The navigation within each document is very convenient. The bookmarking feature comes in handy, considering the size of a document (for example, the pediatric guideline is 334 pages long). Additionally, the reader has an opportunity to write notes and comments. Both notes and bookmarks would appear in the designated sections. There is also an option to view only tables or recommendations without the necessity to flip through each manual.

AfA HIV Clinical Guidelines and HIV Clinical Guide

The apps are similar to the NIH one but designed for Southern Africa. I don’t know how much the guidelines differ between the countries, but they should not be that far off from the WHO recommendations.

Aviro HIV/AIDS Clinical Mentor

The app is based on South African guidelines for adults, children and pregnant people. Again, I don’t know the difference by country, but WHO staging of HIV is universal, along with BMI and Creatinine Clearance calculators. There is a good option to check drug interactions and eligibility for ART. Detailed information about the 1st and 2nd lines of ART failure is also provided.

inPractice HIV

The app requires registration on the non-mobile version of the website, but only a one-time login. It contains an extensive collection of guidelines for all occasions, or rather their titles. The full articles can be viewed online. There is a database of drugs which can also be accessed only via the internet. Overall, it is a good resource for professionals if there is an internet connection.

The Best HIV meds apps

Liverpool HIV iChart

This awesome app shows interactions between HIV and other meds. I selected four drugs (two HIV medications, an antidepressant, and an antibiotic) and received a colorful summary of each interaction. The results are color-coded: Green (no interaction), Yellow (potential interaction), Red (do not combine), and Grey (no data). The app can be used off-line but requires periodic updates.

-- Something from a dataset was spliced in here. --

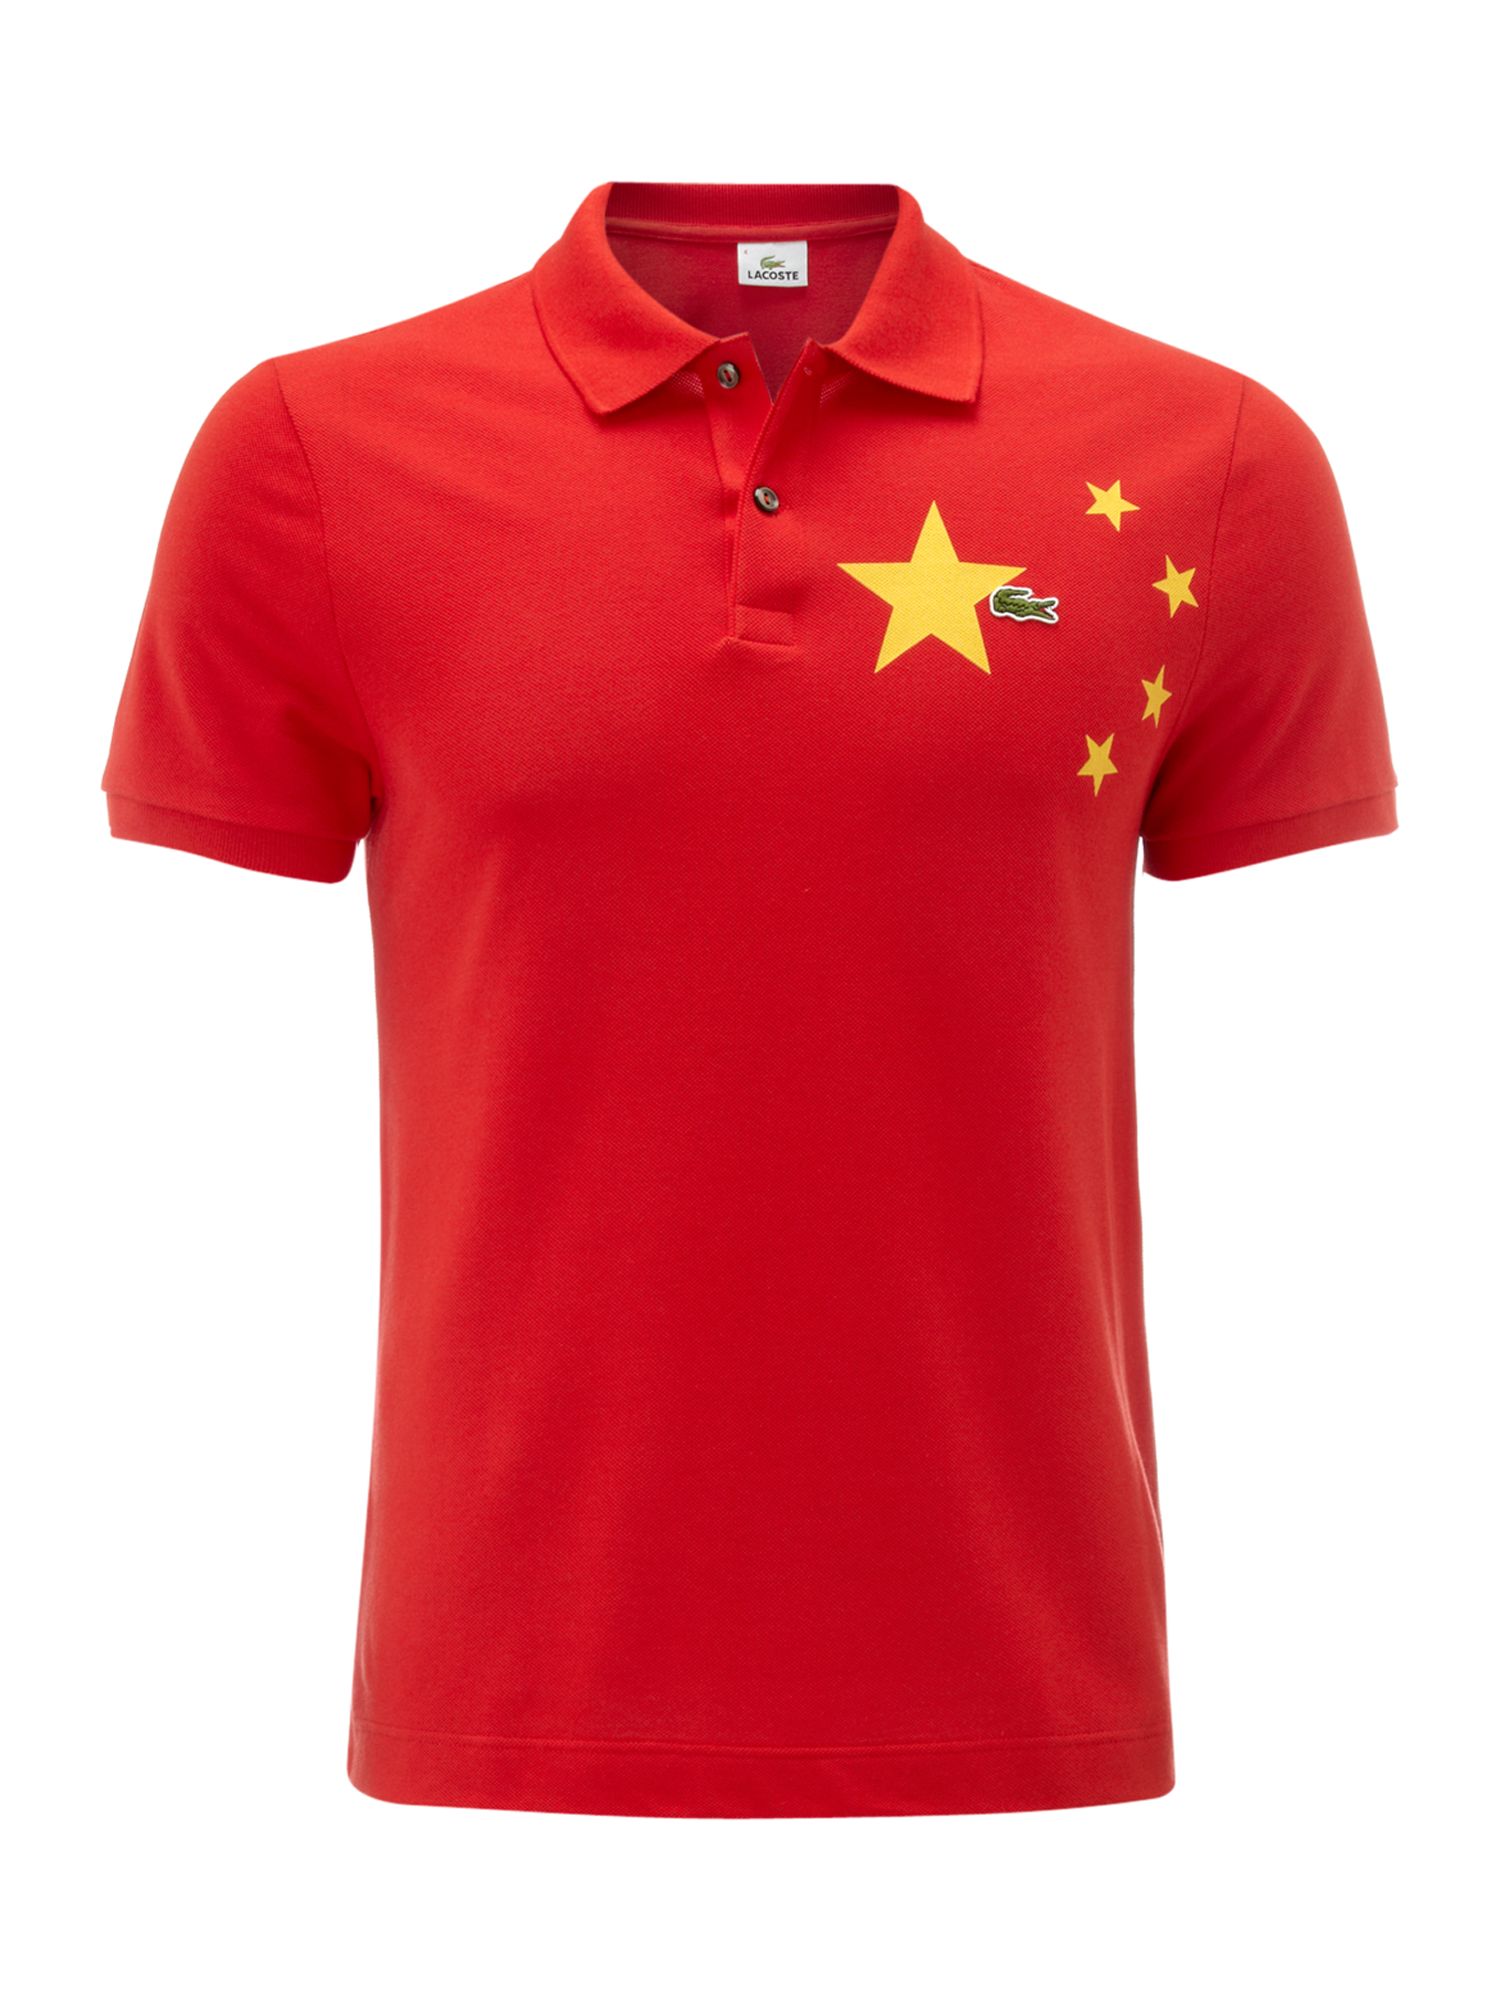 Contaminar Granjero inflación cheap lacoste polo shirts from china لم يسبق له مثيل الصور + tier3.xyz

AIDSinfo Drug Database (NIH)

Another great app from NIH with bookmarks, notes and alarm options. The drugs are displayed in their actual forms (color, shape, imprint, etc.) or as a chemical structural formula. The FDA* status (approved or investigational) is also provided. For the approved drugs, the FDA labels and patient drug information are shown. For the drugs under investigation, the FDA label is replaced with the “information for professionals”. The app is available in English and Spanish. Unfortunately, there is no option to check drug interactions.